“Shootin’ The Bull”
by Christopher B Swift
3/27/2026
Live Cattle:
In my opinion, cattlemen began widening negative margin spreads again this week. Feeder cattle prices rose more than $10.00 over their fat cattle counterpart to start the feeding process. I would believe as well, from prices paid through the week, that the spread between lighter inventory and heavier widened further as well. So, not much appears to have changed to the cattlemen from their perspective. Dealing with this shortage has proven to what lengths some will go. Which leads to the next item of, how to keep the immense amount of working capital from being impacted while current events are tending to cause significant shifting in consumer buying and business inputs? With this week's beneficial narrowing of basis spreads, rolling up lower strike put options and continue to protect newly acquired inventory is recommended. Hedging has become a very displeasing aspect to cattle production. Profits locked in or losses muted are not producing the full extent of profitability that cattlemen want or can see in hindsight. This leads me to believe that there is immense exposure to downside potential.

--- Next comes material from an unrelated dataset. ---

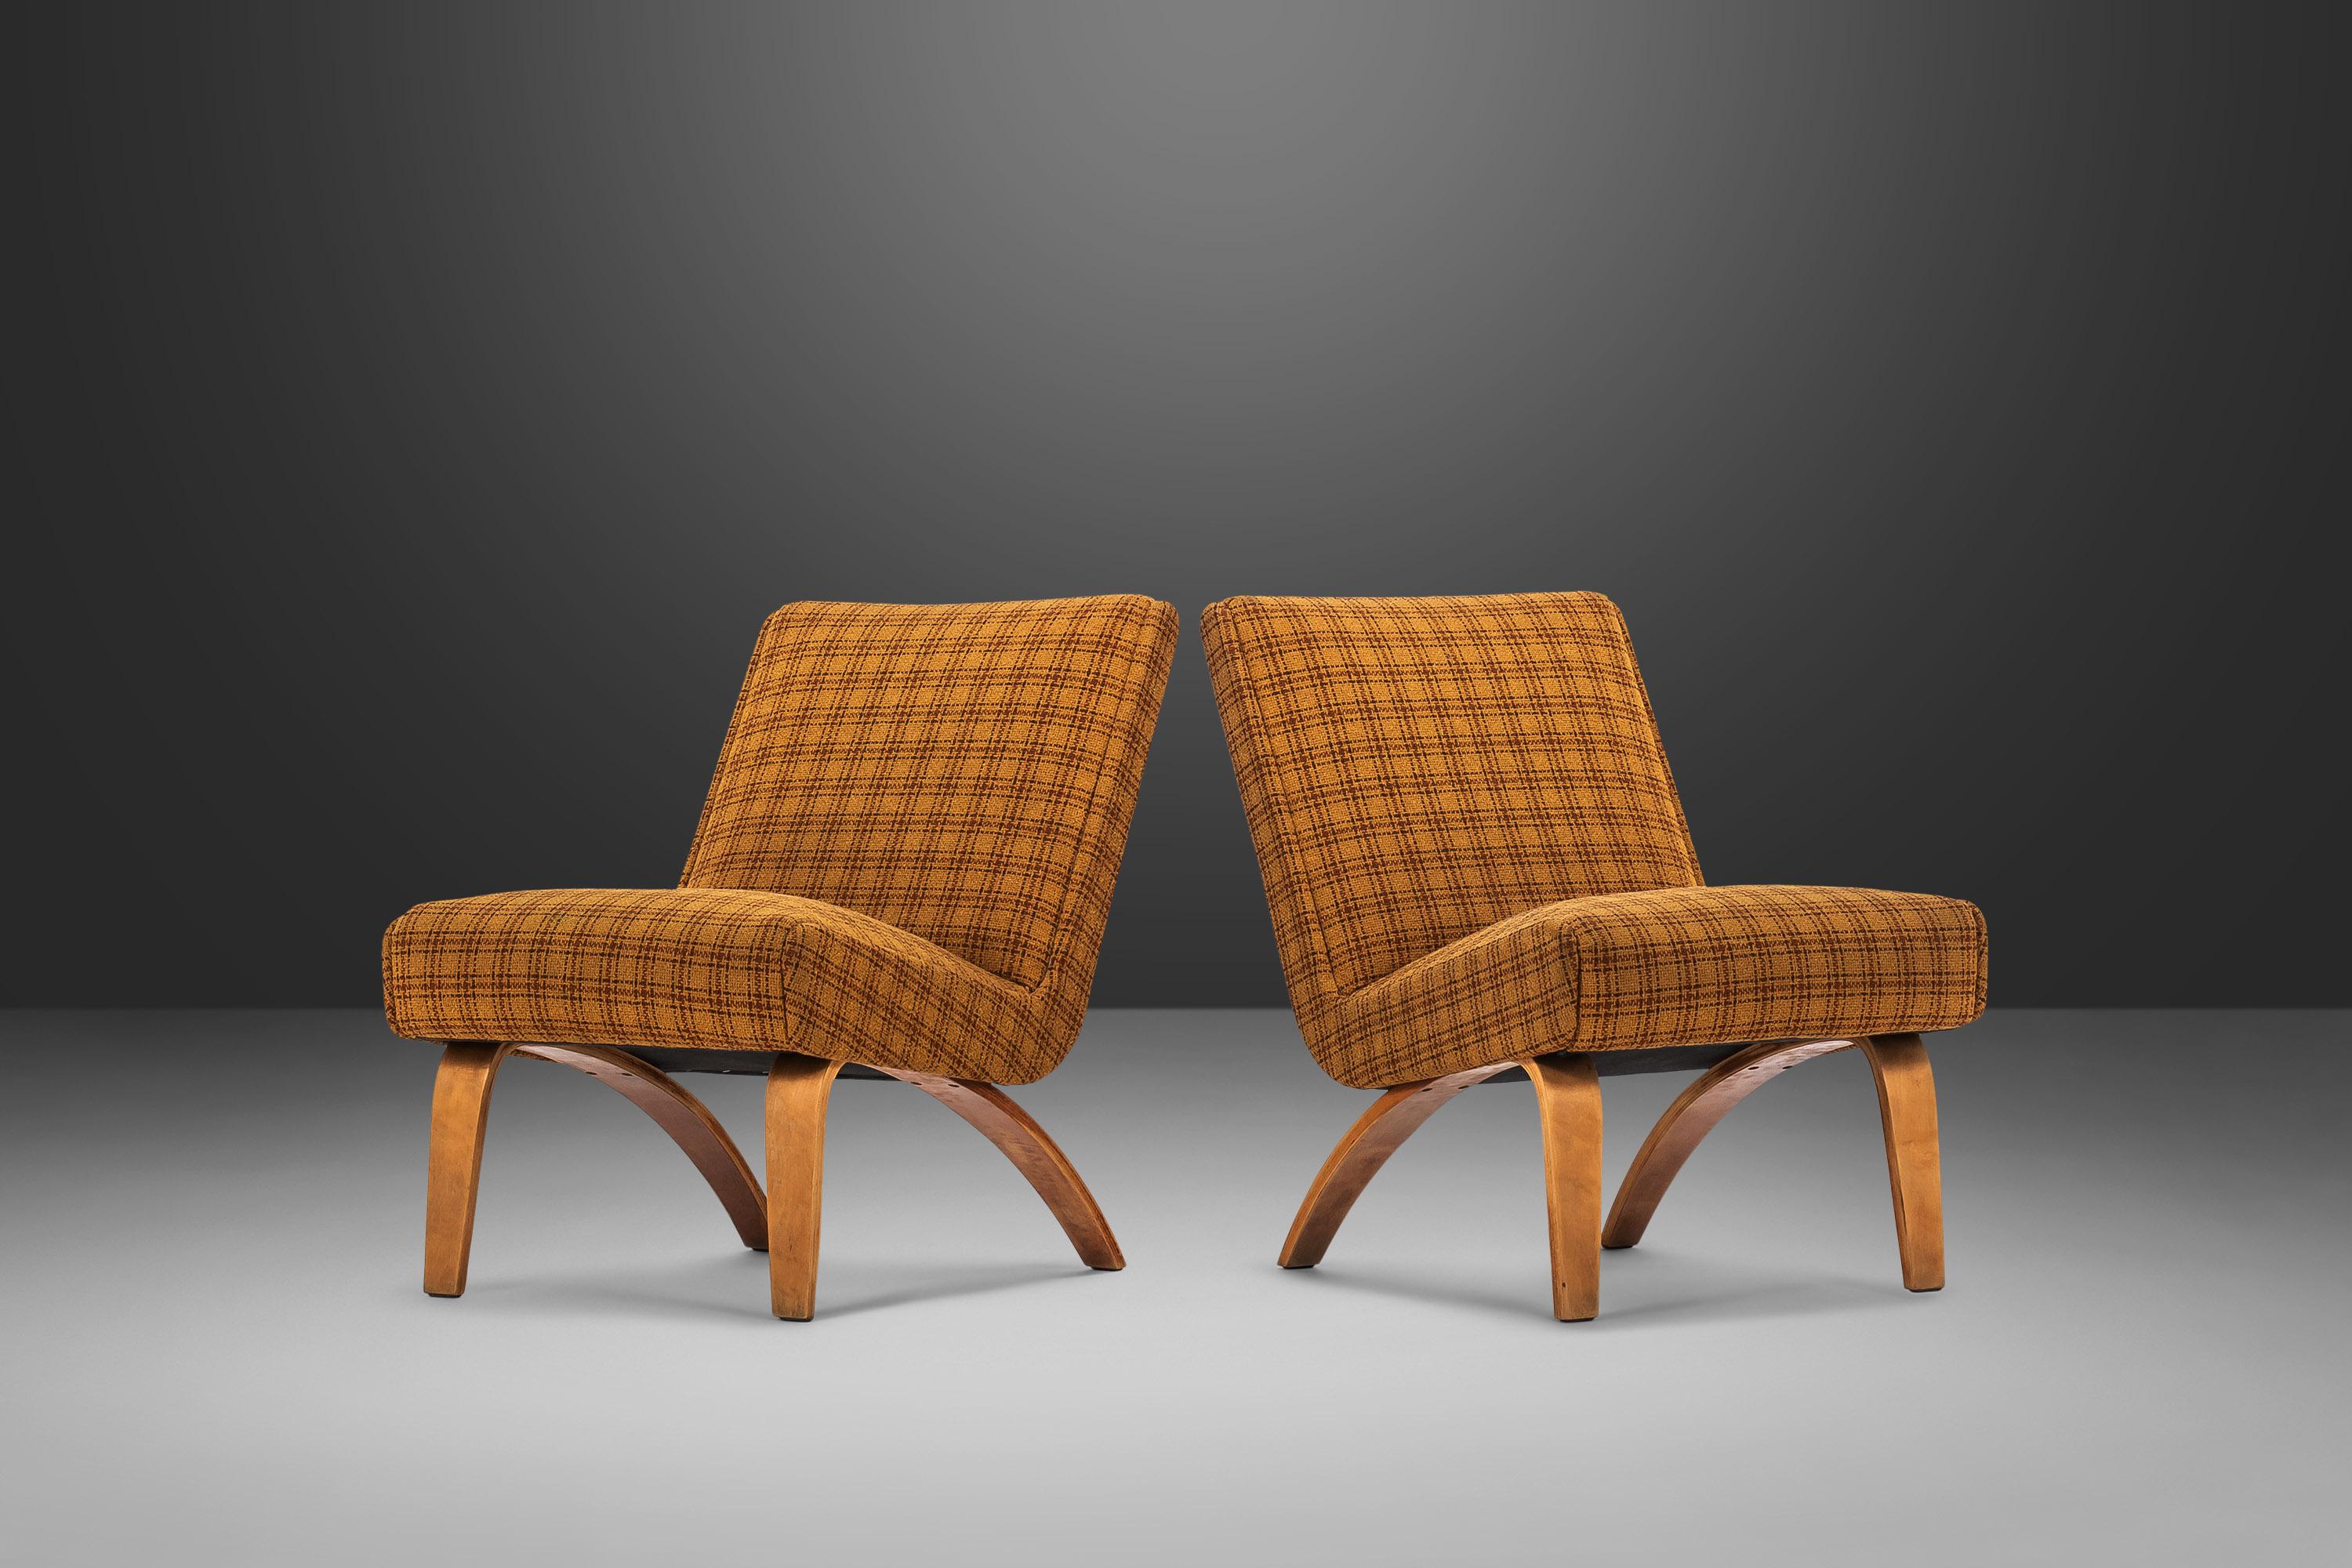 Confort. Tissu vintage. Pieds en bois courbé captivants. Ces deux chaises pantoufles sont le complément parfait de tout espace nécessitant une touche de couleur et/ou un encombrement minimal. La tapisserie à carreaux jaune originale donne à ces
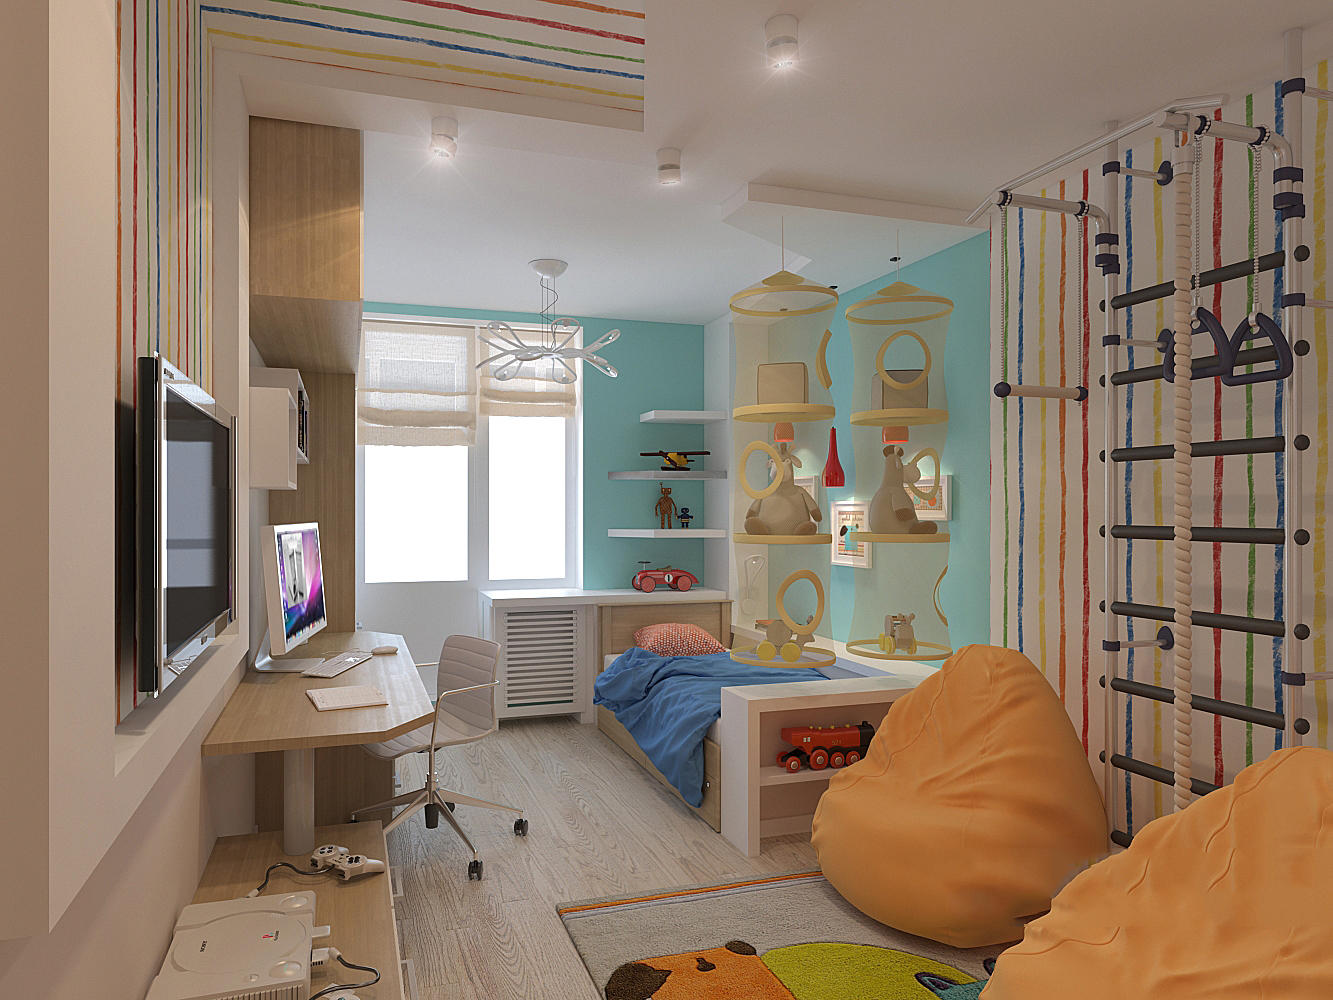 Продумывая интерьер детской комнаты на 12 кв. метров, нужно брать в расчет все нюансы, чтобы дети чувствовали себя там наилучшим образом

Headwinds for the economy strengthened this week, with not only higher energy prices, but now the equities market at a new low from historical high and new contract lows in most debt instruments. This bout of inflation came on very quickly and to a large extent, caused by the increase in energy prices. This is not from wage or employment increases. So, as it came on quickly, it could dissipate as quickly, but for the moment, the issue continues to evolve. All combined, it simply appears as if excessive risk is being taken by producers in a time frame that may or may not be supportive to the beef/cattle industry. What I am the most unassured of is whether cattle prices excel in price, were the current events to be resolved, or do they move sharply lower, with everything else, if resolved. The President continually tells us how quickly, and how much, prices will drop when this conflict is over with. The problem is, there will be little advance notice. It's tough to say cattle will be resilient under all circumstances, but so far, they have.
Corn has my undivided attention for the moment. One of the older chart patterns of significance was of consolidation. Prices would remain in a defined price channel for months or years. This represented equilibrium of supply and demand of the commodity. A break out from was considered an upset in the equilibrium and prices would rise or fall until restored. December of '26 corn has a pattern that fits the narrative of an equilibrium in the supply and demand factors that have recently been broken to the upside. Prices broke above the near two yearlong sideways trend channel and have sense consolidated above. This leads me to anticipate the next most probable move to be higher. I recommended this week for farmers to consider owning December calls to repurchase presold bushels. I recommended for cattle feeders to own the December '26, and or May/July '27 call options to protect against further upside movement. Input costs have been exaggerated and previous recommendations to top off farm tanks and book some spring fuel for planting have been exaggerated such, that I did not have this kind of expectation when making those recommendations. I don't for the corn either, but under the circumstances of current events, and great expectations of unintended consequences, booking rising input costs could be helpful as planting is beginning. Diesel fuel continues to lead the way with nearly a new contract high close today. May diesel is only $.21 from the spike high made last Sunday night. With daily ranges exceeding $.20 recently, it appears only a day's trade away. Volatility and expanse of price range, of multiple markets, is creating excessive risk for all those who participate and produce in a commodity market.